1.insecurity in the Faith continuously on the rise, caused by a liberal diffusion of theological errors from university chairs, books and essays; 

2.the effort to transfer forms of parliamentary democracy into the Church through the introduction of ‘the right to participate’  at the three levels of ecclesiastical life:  the Universal Church, the dioceses, the parishes; 

3.the desacralization  of the priesthood;’ 

4.liberal “structuring” of the liturgical celebration instead of the fulfillment of the Opus Dei [Work of God, in its liturgical sense];  

5.ecumenism as “Protestantization”.

Father Henri de Lubac, one of the “fathers” of the Council, denounced the use and abuse of the principal conciliar documents at a conference held on the 29th of May 1969 at the University of St.
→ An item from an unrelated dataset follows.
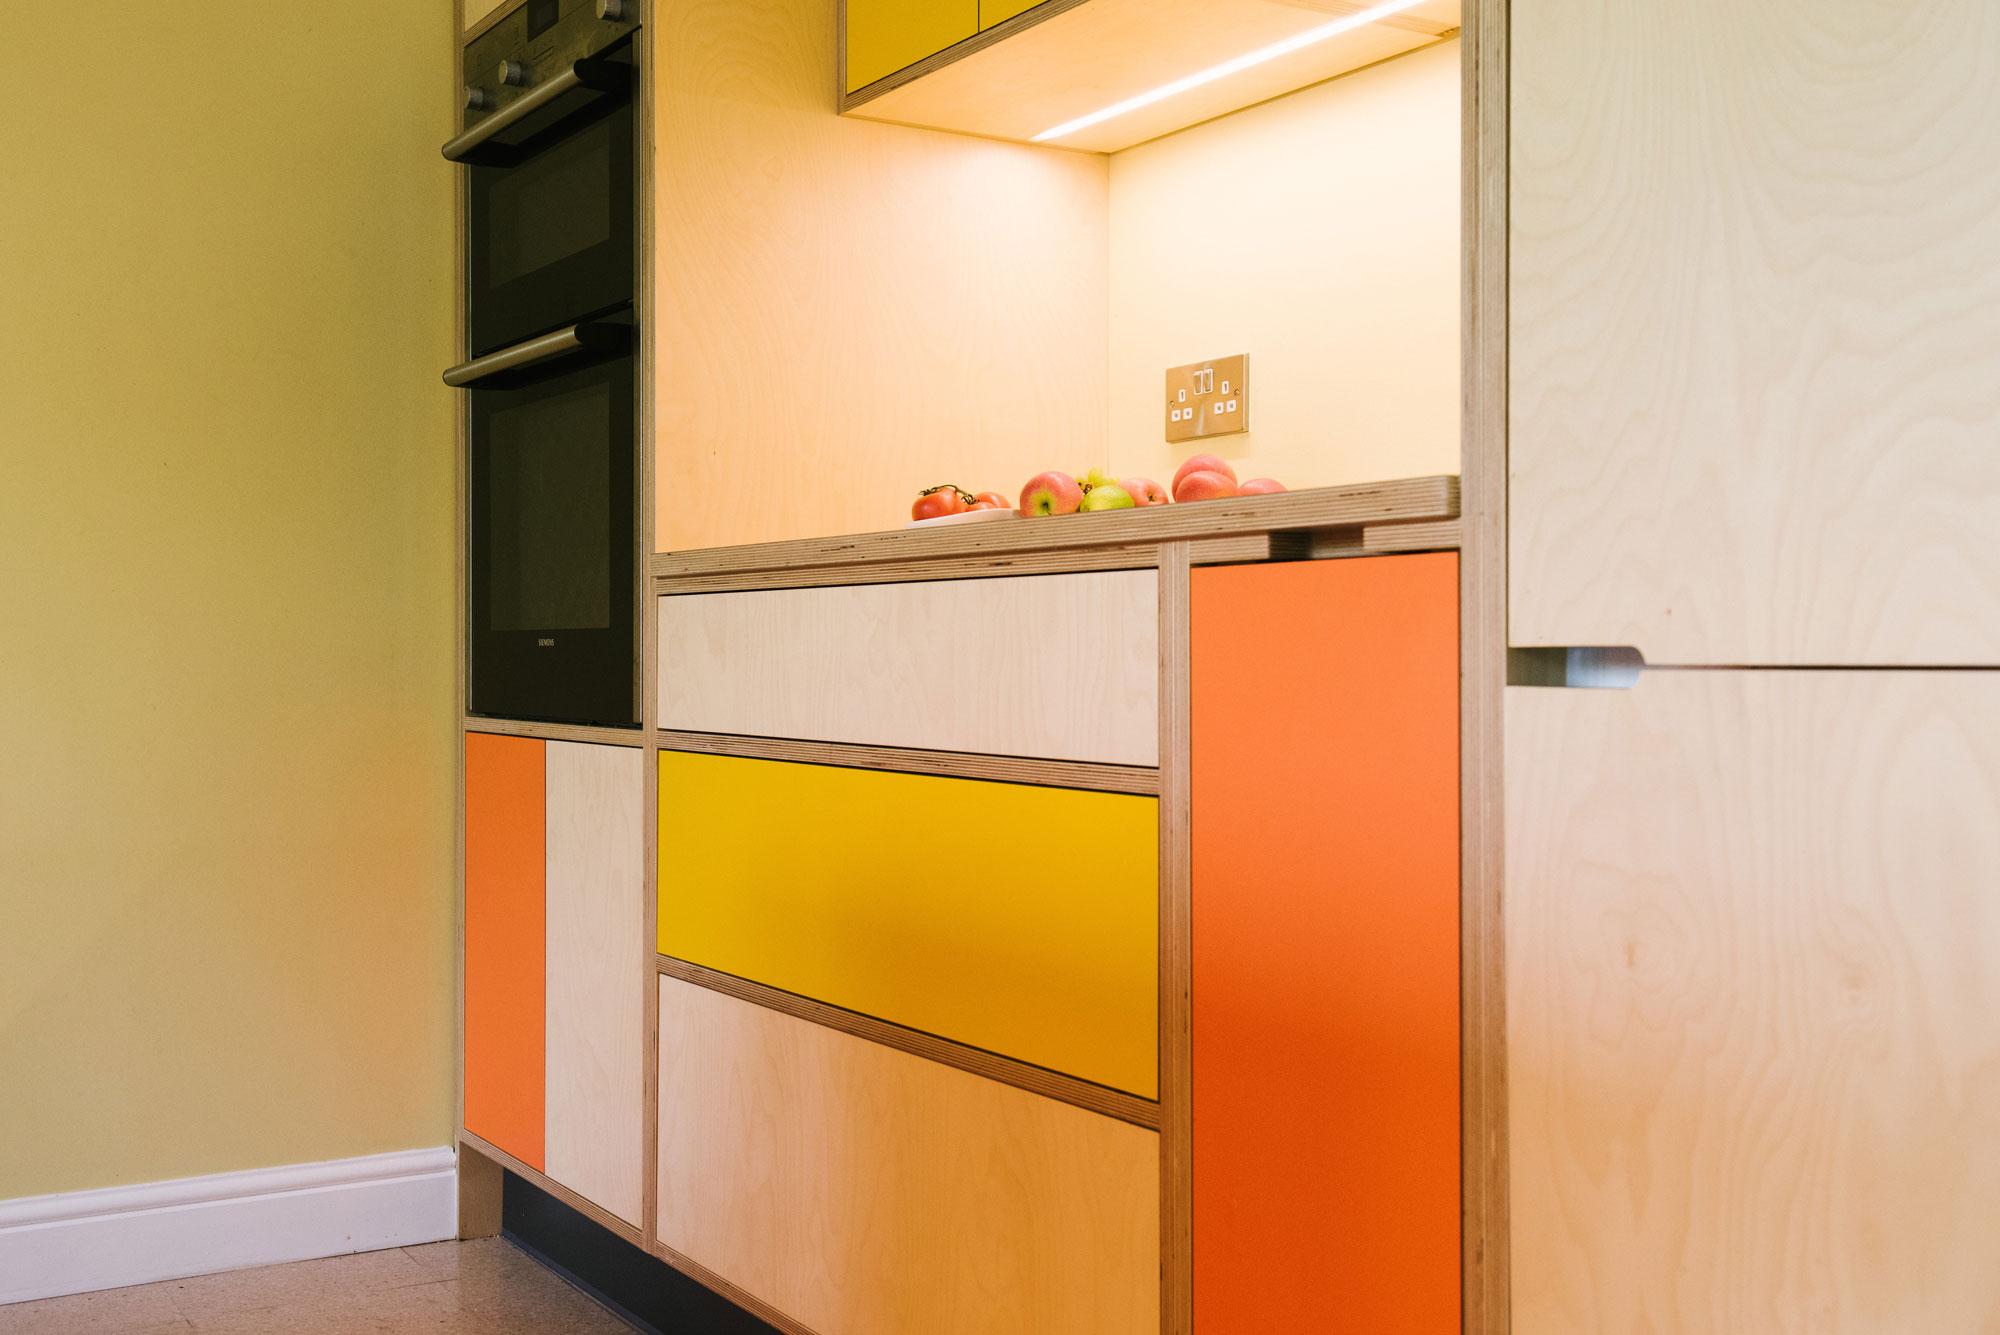 Handleless Doors Kitchen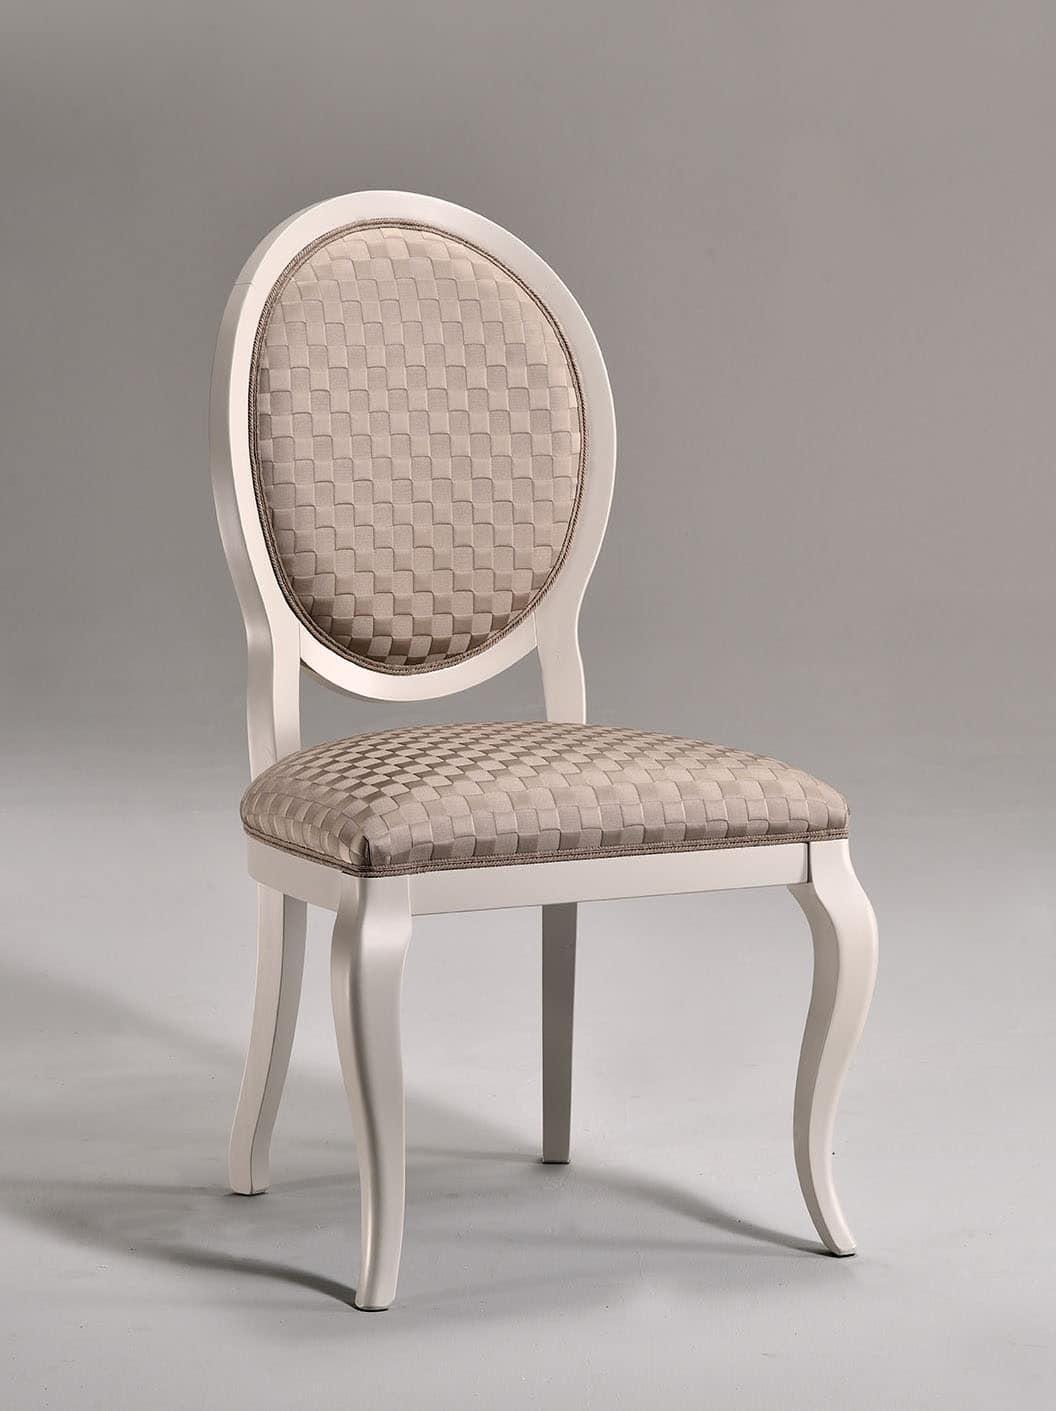 Sedia da pranzo sedile rivestito per zona giorno idfdesign for Sedia design pranzo

Louis  in Missouri (U.S.): 

“The constitution Dei Verbum  – he said –   offers the pretext  of a narrow Biblicism that disregards all of Tradition and ( therefore) it devours itself”, elaborating “the notion of  a ‘faith of the future’,  so much so that one no longer discerns what it retains from  the Gospel of Jesus Christ;  the constitution Lumen Gentium is interpreted  “in order to transform the Church into a vast democracy” and to criticize that which is called ‘the institutional Church’  for the sake of an ideal of  ‘an amorphous Christianity’ which strikes at the Divine foundation of the Church.”  

I must now go do penance, since I am apparently a “conservative anti-Catholic Catholic,” for reprinting these comments from 45 years ago, according to some notable personages in the Church, like his Shea-ness.

Well, at least I have good company regarding whether Vatican II should be re-examined, or even a syllabus of errors produced regarding much of what is called its “spirit.”